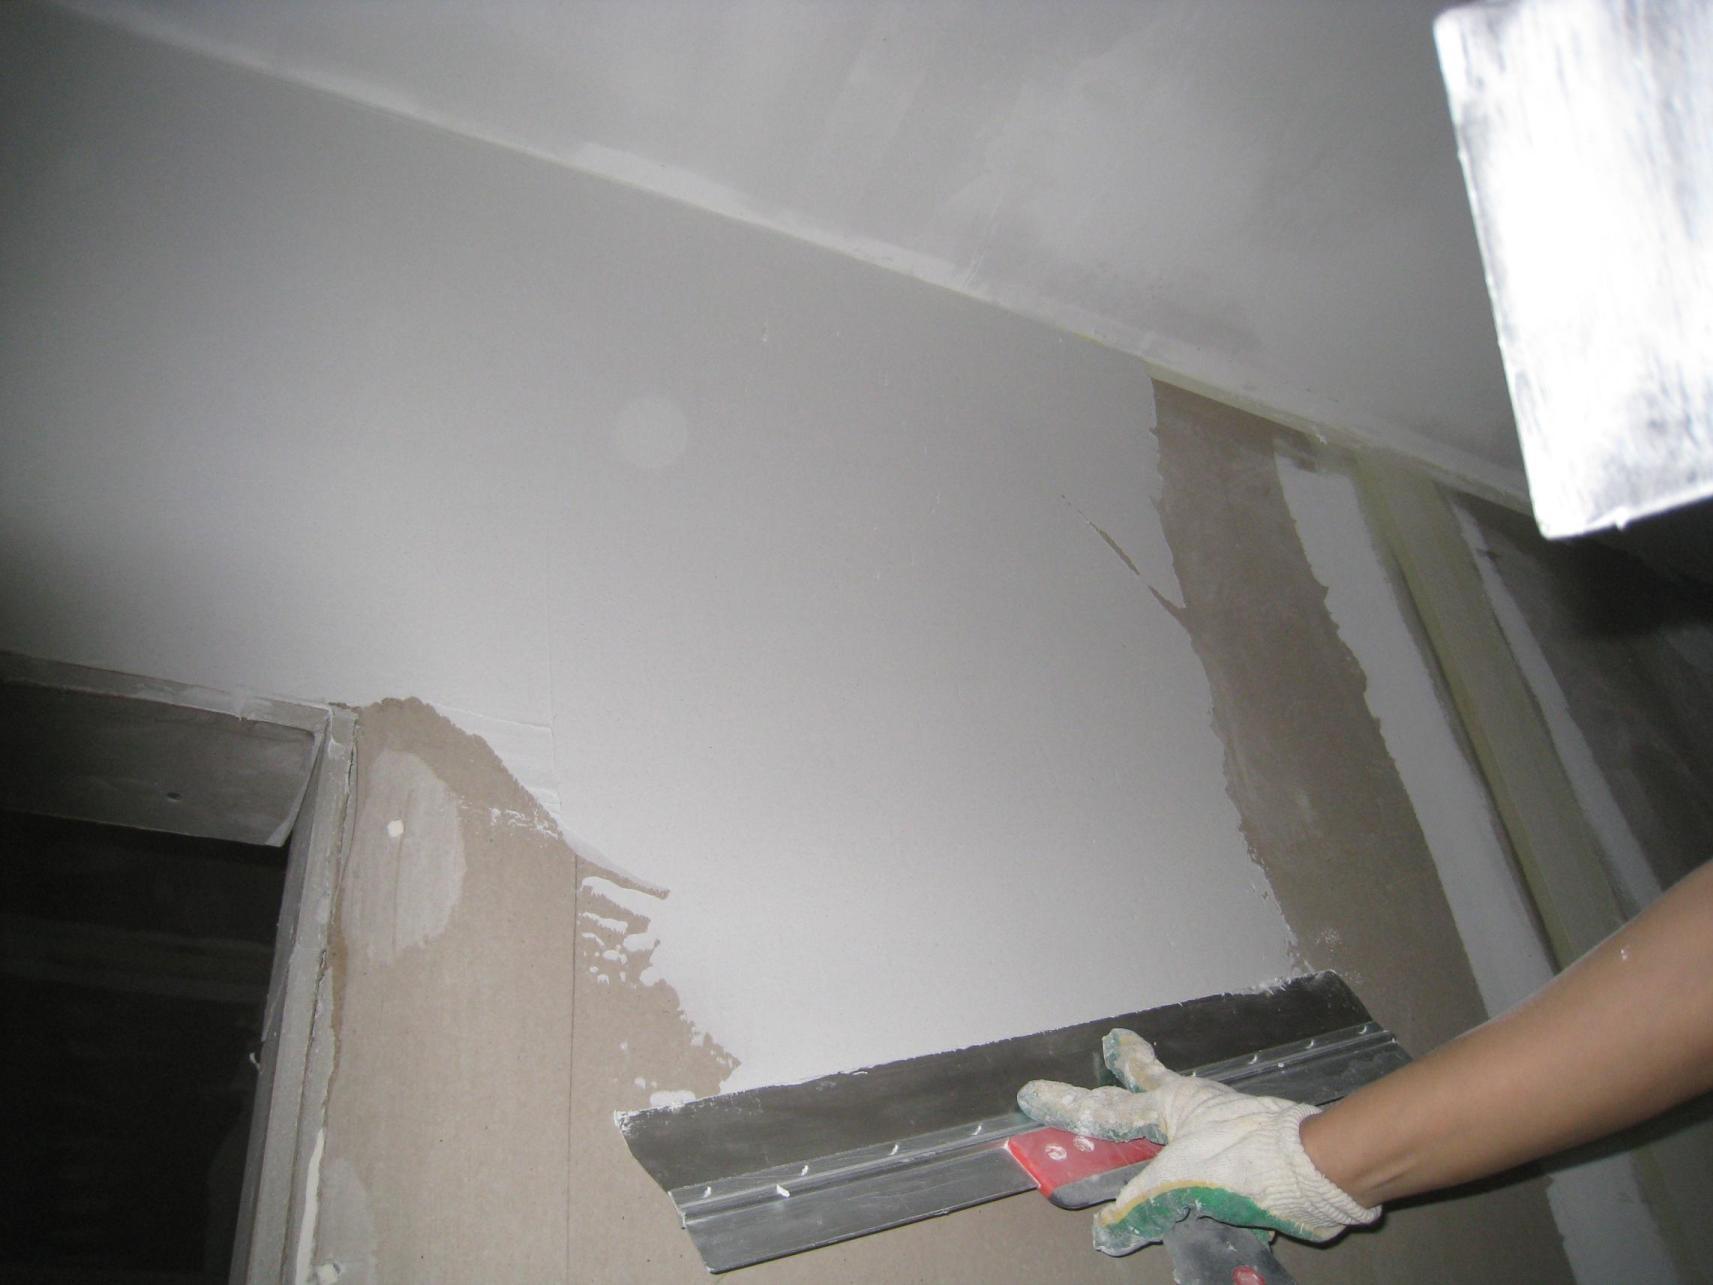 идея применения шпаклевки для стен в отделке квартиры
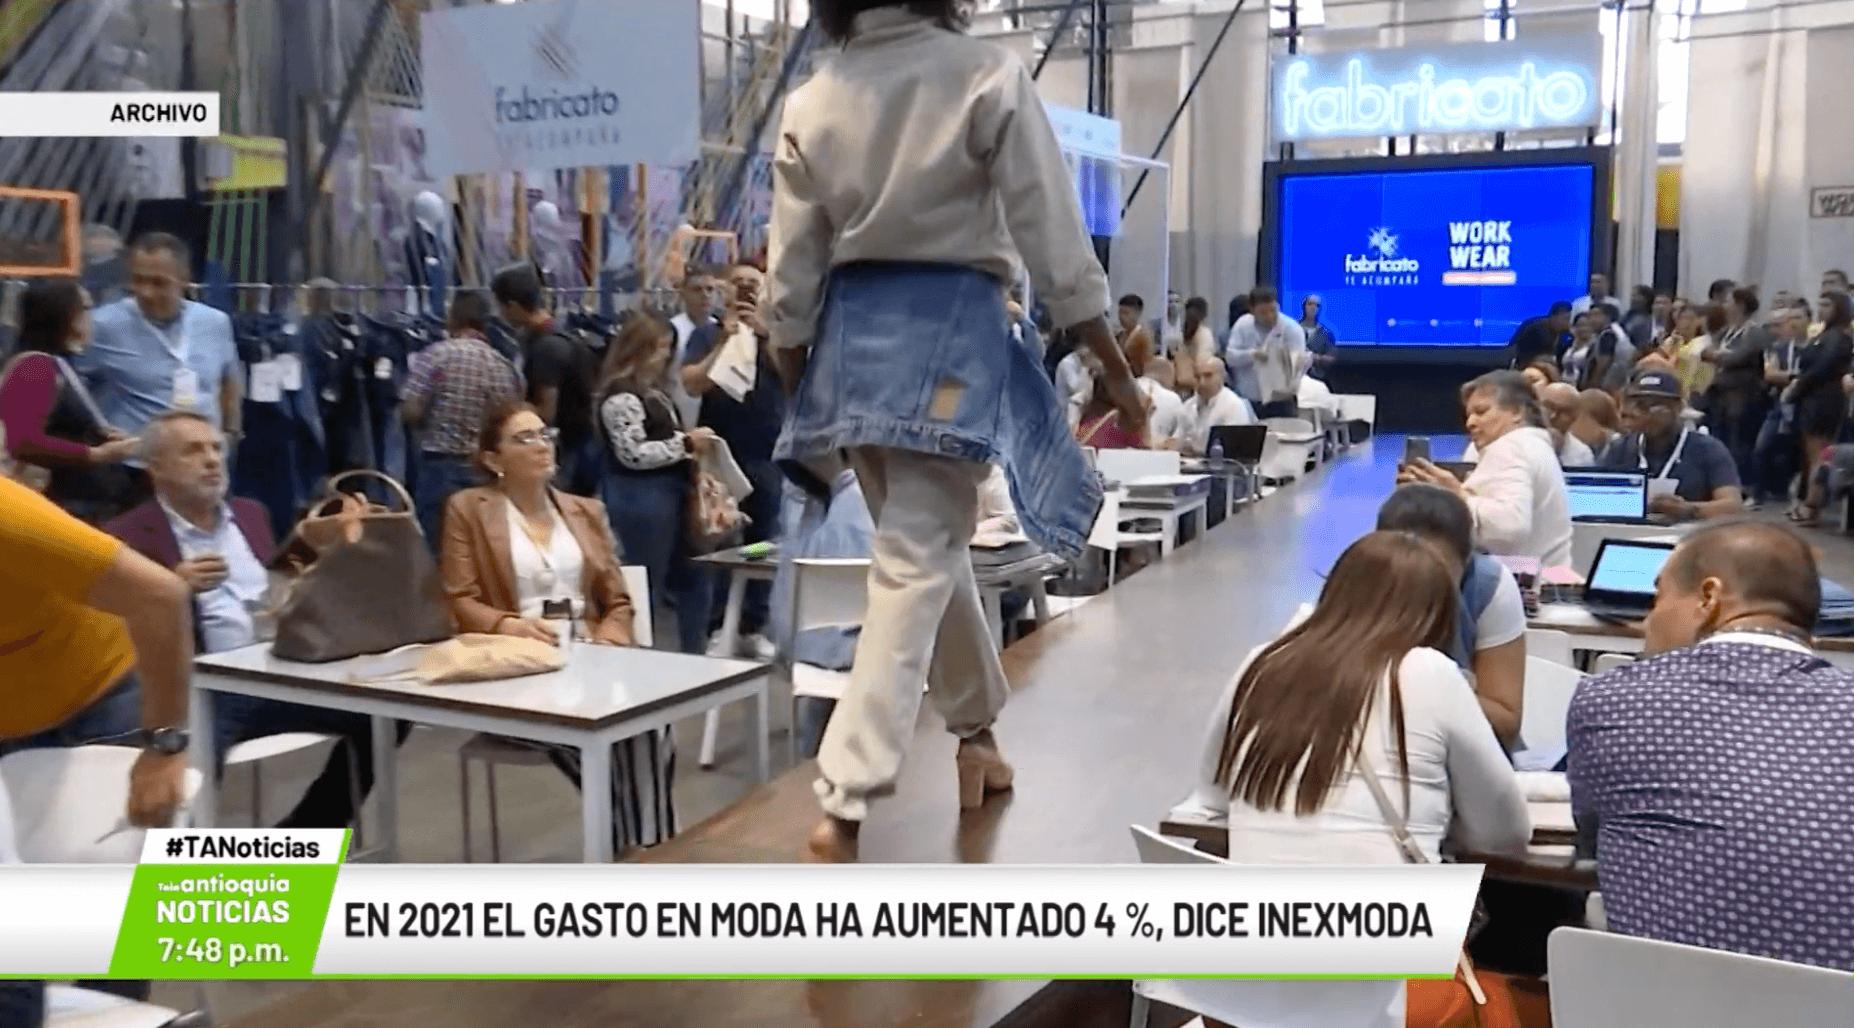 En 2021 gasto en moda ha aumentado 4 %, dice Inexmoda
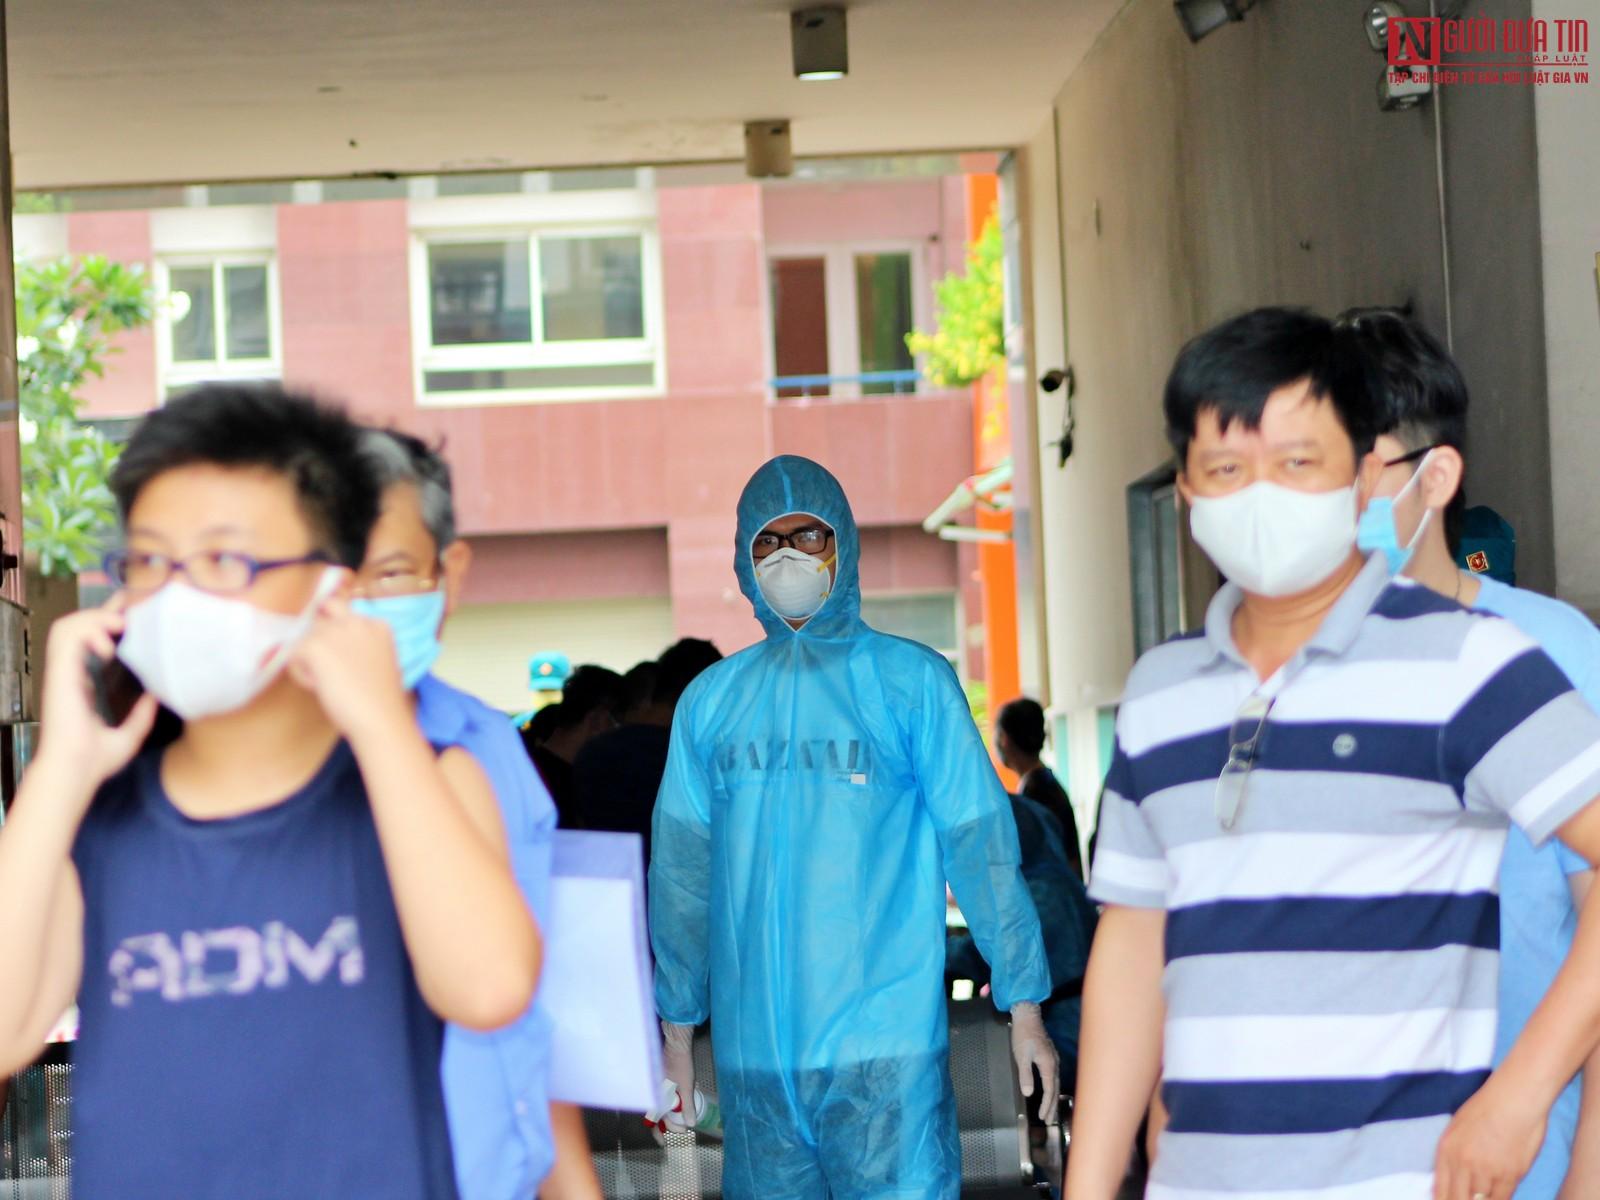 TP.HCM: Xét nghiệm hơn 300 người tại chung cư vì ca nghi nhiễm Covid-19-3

### PROBLEM DESCRIPTION
Give back the whole listing exactly as it stands. Drop every picture.

### SOLUTION TO THE EXERCISE
 идея применения шпаклевки для стен в отделке квартиры
 En 2021 gasto en moda ha aumentado 4 %, dice Inexmoda
 TP.HCM: Xét nghiệm hơn 300 người tại chung cư vì ca nghi nhiễm Covid-19-3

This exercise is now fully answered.